Abstract: Many of the most interesting questions in sport center on "intangibles”: aspects of performance that cannot be directly observed. Mixture models represent a broad class of tools for modelling latent variables. In this talk, I will give an overview of three types of mixture models --- finite mixtures, mixed membership, and hidden Markov models --- and discuss broad areas of their application in sport. Specific case studies will be presented for tennis including the use of mixture models for the categorisation of playing style, for building a generative model for shots, and for studying injury and recovery. I will show how each model type can be implemented in a fully Bayesian framework using the Stan language and discuss Stan's strengths and limitations for mixture model development.
Dr. Stephanie Kovalchik currently a Senior Data Scientist at Zelus Analytics, where she and her colleagues are developing world-leading intelligence platforms for multiple sports. In her previous role, she led data science innovation for the Game Insight Group of Tennis Australia, building first-of-a-kind metrics and real-time applications with tracking data. An expert in tennis analytics and causal inference with 40+ published papers, she also developed novel statistical methods in her previous roles at the NCI and RAND Corporation. She runs a tennis analytics blog at on-the-t.com and tweets @StatsOnTheT.
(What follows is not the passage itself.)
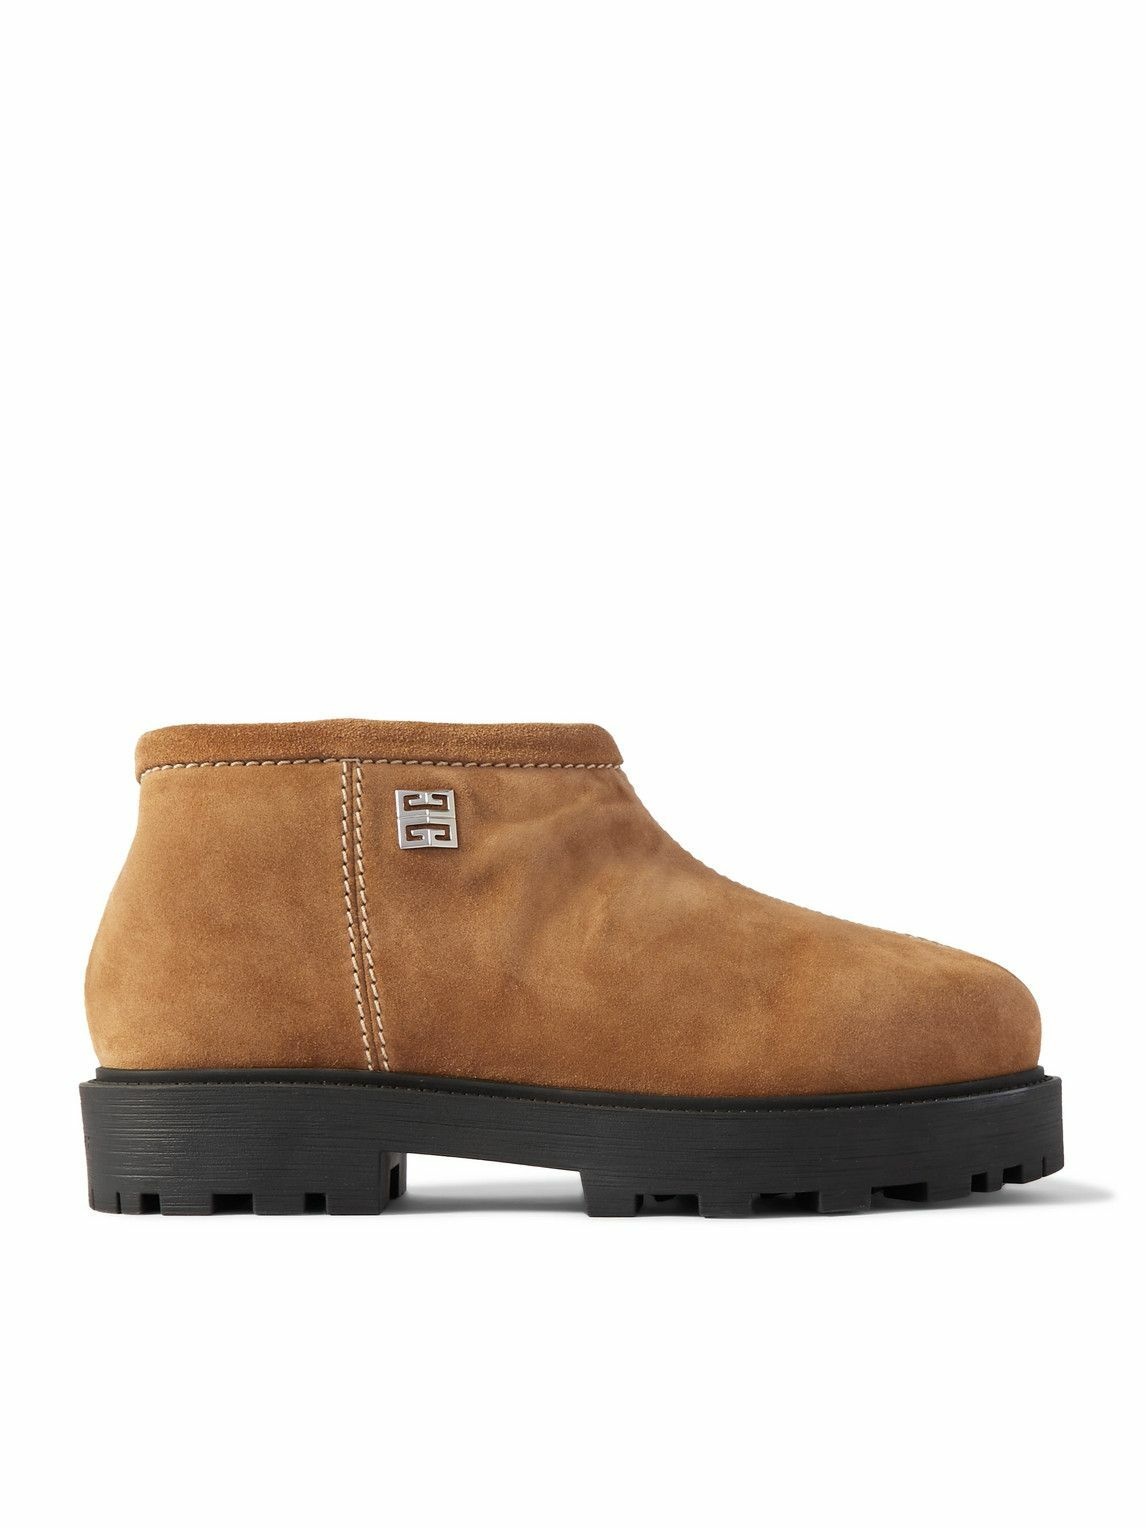 Photo: Givenchy - Shearling-Lined Logo-Embellished Suede Boots - Neutrals

Abstract: We will give an example of the entire data science pipeline put into practice at ESPN by discussing the redesign of NBA Basketball Power Index (BPI), ESPN’s team performance metric for the NBA. Representatives from ESPN’s Stats and Information Group, including several members of ESPN’s Sports Analytics team, will present, along with a few key users from other groups at ESPN. Each will describe their role in a stage of the development process of NBA BPI and its related metrics, from formulating what the metrics will incorporate and how we would like them to be used by writers and on-air personalities, to describing the technical development of NBA BPI and related metrics, to communicating results to key users and training them on how the metrics can be used to enhance storytelling for the NBA.
ESPN’s Sports Analytics team is in its 10th year of developing state-of-the-art metrics and providing in—depth statistical analysis as part of ESPN’s Statistics and Information Group. The developers and analysts on the team create advanced player and team metrics, build predictive models, conduct simulations, and analyze data for players, teams, games, and seasons that the Statistics and Information Group and others at ESPN use for storytelling. The team disseminates the results of the work using automated reports, data visualizations, and interactive web applications, and partners with production teams to integrate the content into ESPN’s sports coverage across multiple platforms.